Beauty is a gift—a gift of God—like all personal or mental endowments, dangerous, it is confessed—but, like all, to be used for personal gratification and the promotion of social advantage.

If it is conceded to be a means of mental melioration to dwell among the beauties of artistic skill and lofty architectural efforts, then surely it must be still more advantageous to be reared within the influence of living charms; “to grow familiar day by day” with features and forms that constitute models for the representation of angels, and to pass onward through life with the sense of seeing constantly improved and gratified with objects of exquisite beauty exquisitely clothed. This is viewing The Belle of the Opera with an artist’s eye.

“But,” the moralist will say, “the high office of woman is vacated by such a sacrifice to display, and such a devotion of time to amusement. That The Belle of the Opera can never be The Bonne of the Nursery, and therefore woman is out of her place when out of such an exercise of her faculties as shall minister directly to domestic advantage.”

We take issue with the moralist on this question of the direct application of female faculties; and we do this because we feel that the narrow bigotry of the unenlightened, which leads them to condemn the elegant enjoyments of life, and to ground their condemnation on the demand which is constant upon human beings, “to do good and to communicate,” is founded on a want of a full appreciation of female powers, and a mistake as to what constitutes these, and their means of usefulness.

There will be no space for a discussion of the measure of female duties, though it is intended to enter upon such a discussion hereafter; but we may say that however extensive or however limited they may be, their discharge will be more or less effectual and complete, as she is qualified by the elegance of education, the improvement of her mind, the cultivation and adaptation of her faculties, to impart to others the graces of life, and to fix them by constant example.

Virtue is embraced for its charms—it is not admired for deformity or its negligence of mind; it has its attractions and its means of compensation, as much as has vice—but they are not always as obvious.
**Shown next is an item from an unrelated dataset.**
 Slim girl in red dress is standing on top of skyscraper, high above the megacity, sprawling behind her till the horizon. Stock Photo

The young must be made to trust in the results of a virtuous course; they must have their faith fixed by the graces of parental, of maternal precept and example—and this good cannot be hoped for if the mother is incapable of attracting, if she has not the means of charming—if, indeed, she cannot show that what constitute the pleasures of life (pleasures which in excess become crimes) are, while properly enjoyed, wholesome and advantageous, and at the same time can show the line of demarcation between their uses and their abuses. She must know what are the true accomplishments of life—she must understand the influence of refinement and cultivation on the mind—and she must bring herself to apply all these. She must know the difference, too, between the uses and the abuses of cultivated talents, and she must learn to discriminate.
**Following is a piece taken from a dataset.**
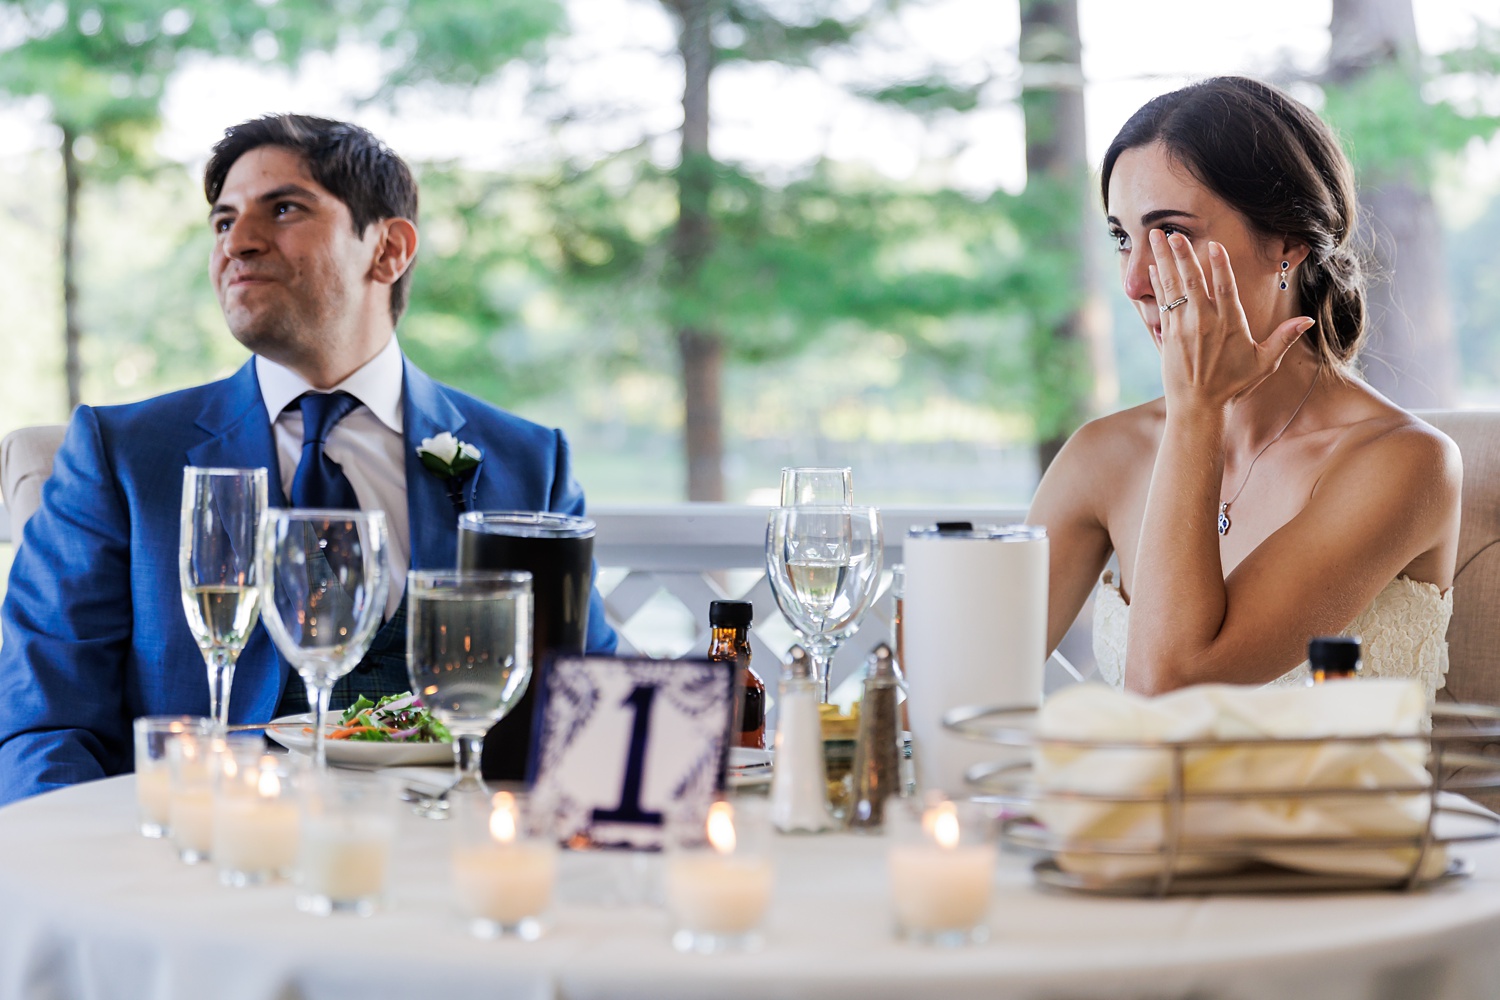 Tearing up at the wedding day toasts

She who would deny to the young the cultivation of talents, musical, literary or artistic, is like the beings who would pile up the snows of winter, that the accumulated heap might prevent the budding and the blossoming of spring; while she who would force the mind of her child to an unnatural development of merely ornamental faculties, is like one who would concentrate the rays of the sun through a burning-glass, in order to accelerate the growth of a delicate plant.

What we mean to assert is the obvious fact, that the female, the mother, cannot discharge the high responsibilities of her sex, without many of those acquisitions which are condemned as worthless in themselves, and perhaps the condemnation is in some measure correct; that is, the acquisition separately considered may be rather injurious than beneficial.